Deze vroege initiatieven waren aanvankelijk gebaseerd op intergouvernementalisme, maar de EU heeft zich ontwikkeld tot een toonbeeld van supranationale samenwerking [5](#page=5) [7](#page=7).
### 2.2 Territoriale uitbreiding
De EU is sinds haar oprichting aanzienlijk gegroeid, van 6 lidstaten naar de huidige 27. Dit proces van territoriale uitbreiding, ook wel 'enlargement' genoemd, heeft geleid tot de huidige status van de EU als economische grootmacht met circa 450 miljoen inwoners [3](#page=3).

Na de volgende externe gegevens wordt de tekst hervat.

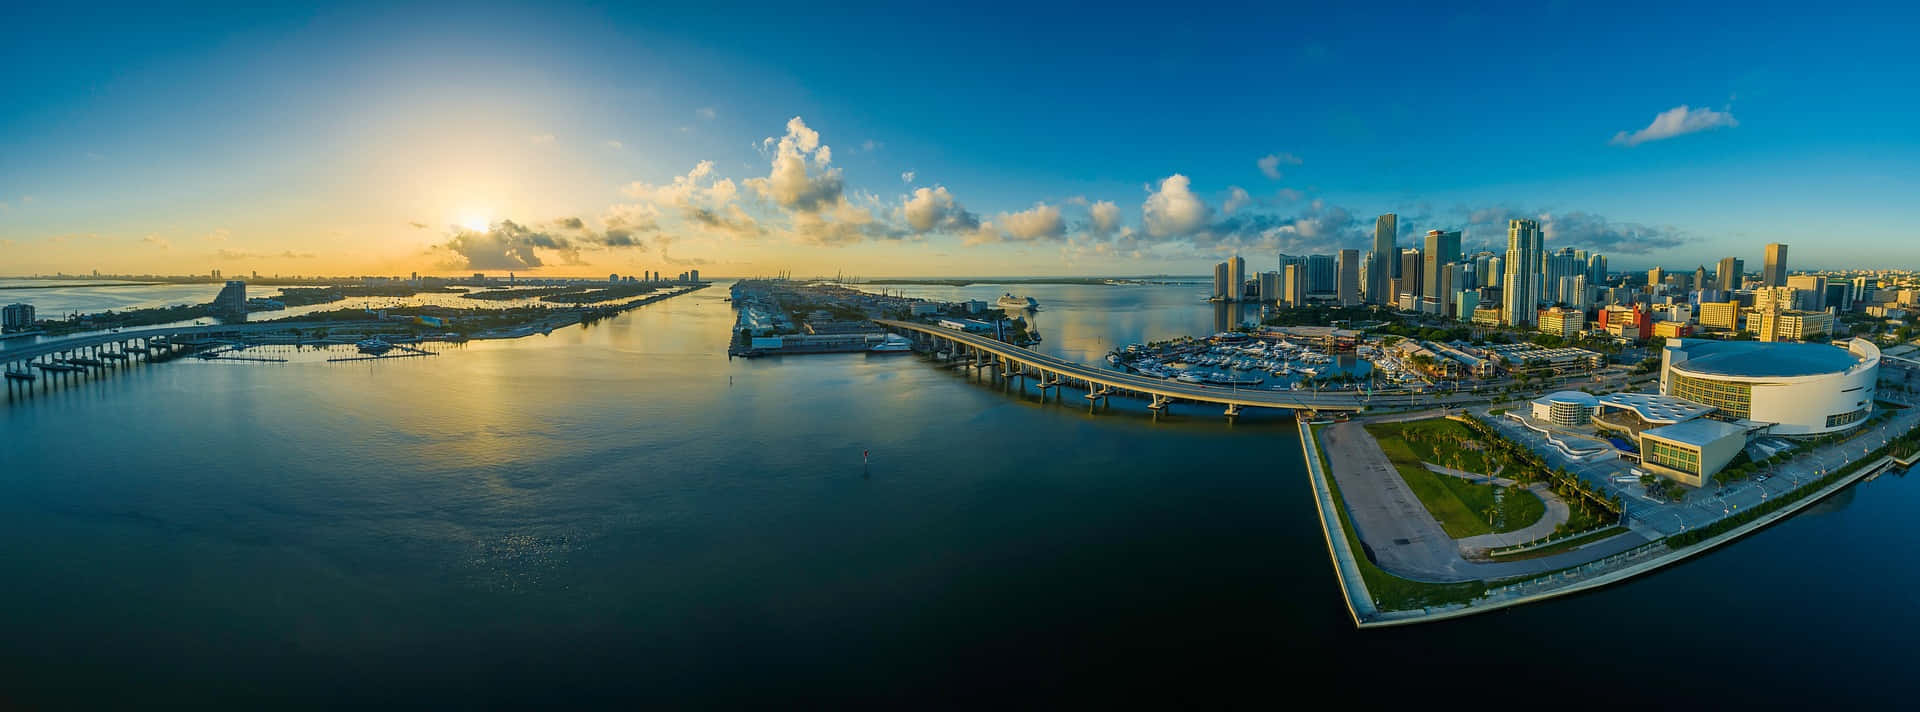 Svalapanoramabild Av Miami City.

#### 2.2.1 Voorwaarden en Procedure voor Toetreding
Om lid te worden van de EU, dient een land te voldoen aan specifieke criteria en een uitgebreide procedure te doorlopen.
**A. Criteria van Kopenhagen (examen)**
De belangrijkste voorwaarden voor toetreding zijn vastgelegd in de Criteria van Kopenhagen:
* **Politiek**: Het kandidaat-land moet beschikken over stabiele instellingen die democratie, de rechtsstaat, mensenrechten en de bescherming van minderheden garanderen [4](#page=4).
* **Economisch**: Er dient een functionerende markteconomie te zijn en het land moet in staat zijn de concurrentiedruk binnen de EU aan te kunnen [4](#page=4).
* **Juridisch**: Het land moet het vermogen hebben om de verplichtingen van het lidmaatschap te dragen en de gehele *acquis communautaire* te kunnen overnemen. De *acquis communautaire* omvat alle EU-wetgeving die tot dan toe is verworven of tot stand gebracht [4](#page=4).
**B. Toetredingsprocedure (examen)**
De procedure voor toetreding, beschreven in artikel 49 VEU, is complex en tijdrovend [4](#page=4):
1. Indiening van een aanvraag bij de Raad [4](#page=4).
2. Formeel advies door de Europese Commissie [4](#page=4).
3. Unanieme beslissing door de Raad over de status als kandidaat-lidstaat [4](#page=4).
4. Formele opening van toetredingsonderhandelingen over voorwaarden, verplichtingen en financiële regelingen [4](#page=4).
5. Definitieve sluiting van de onderhandelingen [4](#page=4).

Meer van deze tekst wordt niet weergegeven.